Dec. 05, 2002 Online Since 1996 Vol 77 No. 24
$1.6 million grant to ASU for NC teachers Jennifer Brannock
Faculty Senate Beat
   As classroom sizes continually rise, the North Carolina public school system is unable to retain qualified teachers in schools, causing cramped learning environments and low-quality education for the state’s youth.
    In an effort to remedy the statewide teacher shortage, the US Department of Education recently awarded a five-year, $1.6 million grant to Appalachian State University’s Appalachian Transition to Teaching Program (ATTP), which will allow faculty to train and prepare anyone wanting to join the teaching profession from another career.
    Appalachian’s Reich College of Education will assume the responsibility of teaching and licensing in three regional sites. The program will allow current professionals and temporarily licensed teachers to gain certification to teach full-time in North Carolina, thus assisting the urgency to place capable teachers in the classrooms.
    Dean of the College of Education, Dr. Charles R. Duke, said he feels the extreme shortage of teachers is a significant issue, and the ATTP is a bold step towards correcting the shortage problem.
    “I think the incentives [to teach] are the same ones that have been there all along,” Duke said. “Teaching continues to be a profession in which you can have a huge impact on a large number of children, and that’s a very significant contribution that you can make through your work.”
    Duke said the state prepares approximately 3,200 new teachers each year, but that more than 11,000 are needed in the schools to provide a sufficient academic environment. The goal of ATTP is to introduce at least 175 new teachers into the school system within the five years set forth by the grant.
    “This is really our effort to address a problem in the state, trying to increase teachers, and really one of the strengths of this is that the people we are working with, for the most part, are place-bound, and once they’re licensed, they’re probably going to stay in the schools,” Duke said.
    The program will be facilitated by current Appalachian faculty from the College of Education, who, in addition to their current responsibilities, will teach in the sites or through web-based courses.
    Critics of the program are skeptical as to the preparedness and quality of the teachers that will be produced by the program. Elementary education major Erin N. Jaynes said she feels that the shortened program will not adequately prepare those entering the field from another profession.
    “A lot of lateral entry teachers don’t understand what they’re getting into, so if we don’t prepare them well enough they won’t stay in the schools long,” Jaynes said. “I don’t think they’ll be anywhere near as prepared in a year or so for what it took me four years to learn.”
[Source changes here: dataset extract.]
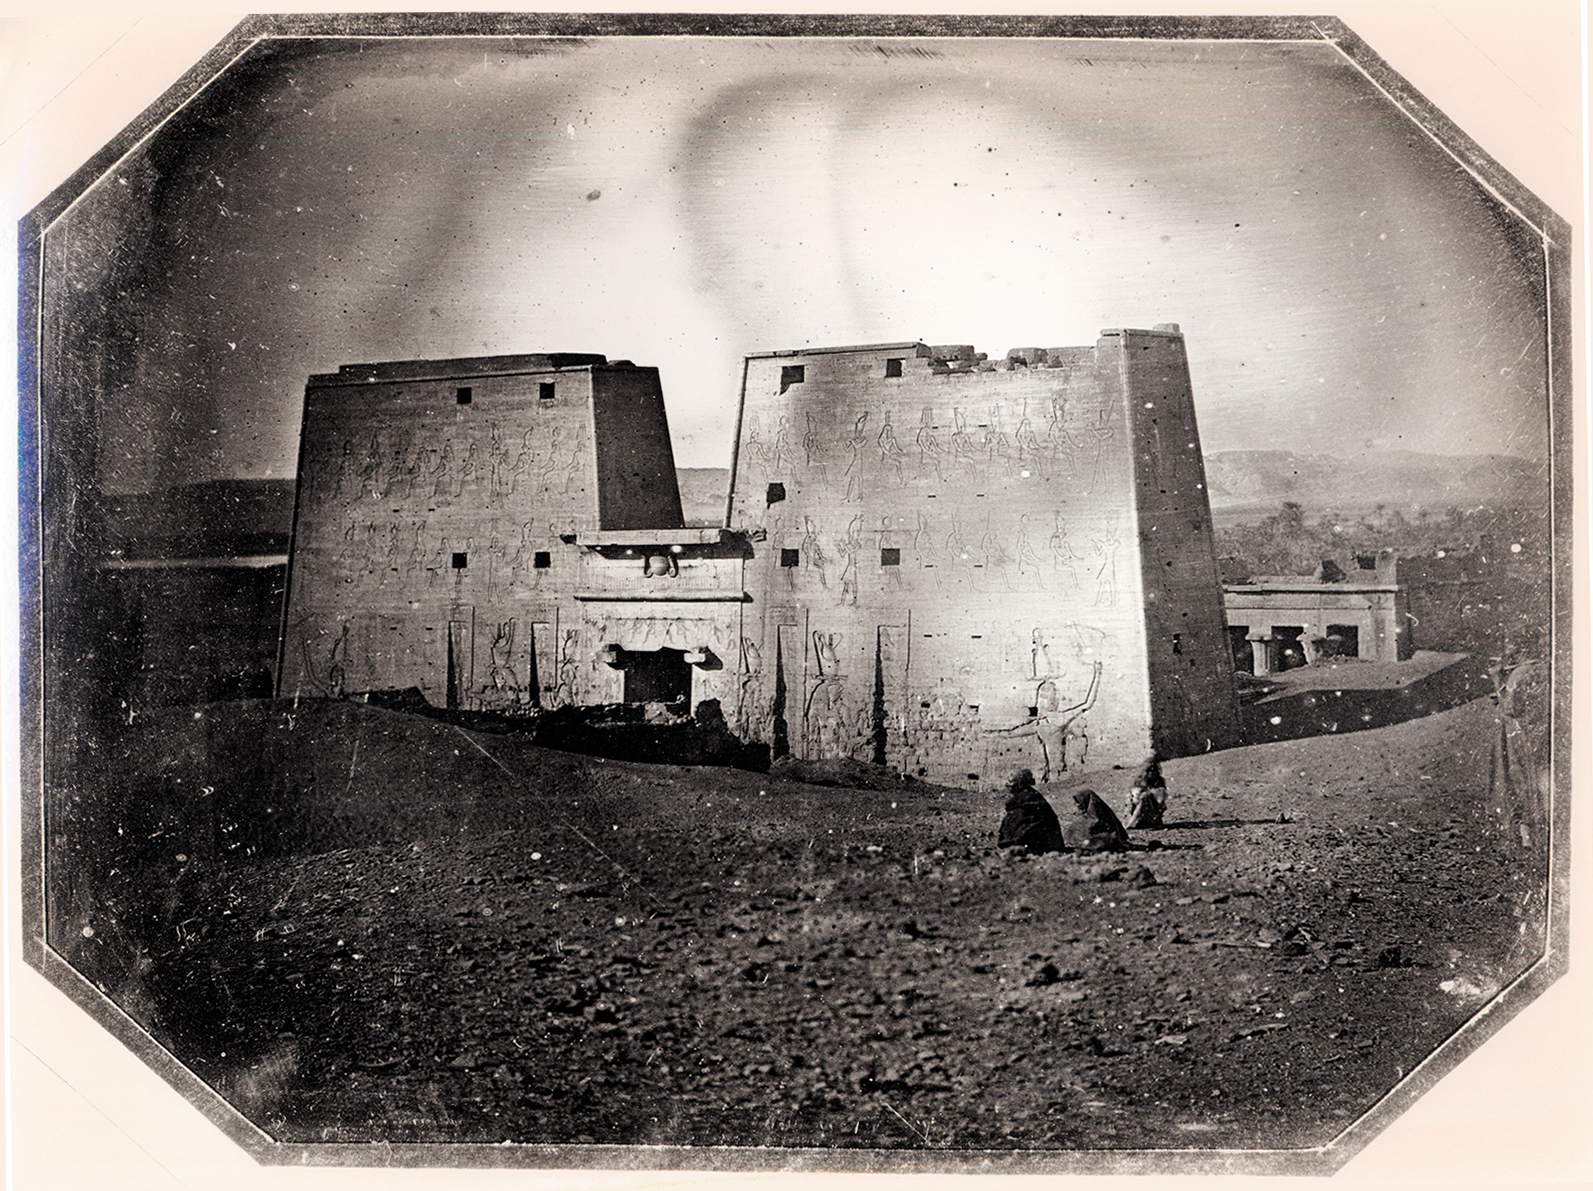 Itier photographed this daguerreotype of Madinat Habu in Luxor in 1845 or 1846. 

    Duke said he feels the program will be more than adequate for teaching and preparing future instructors and said no teacher will be licensed that does not meet the same requirements as those carrying a four-year teaching degree.
    “Our requirements for us to recommend you for licensure, we’ve made no distinction; you have to meet the same requirements as students who would graduate our regular program,” Duke said.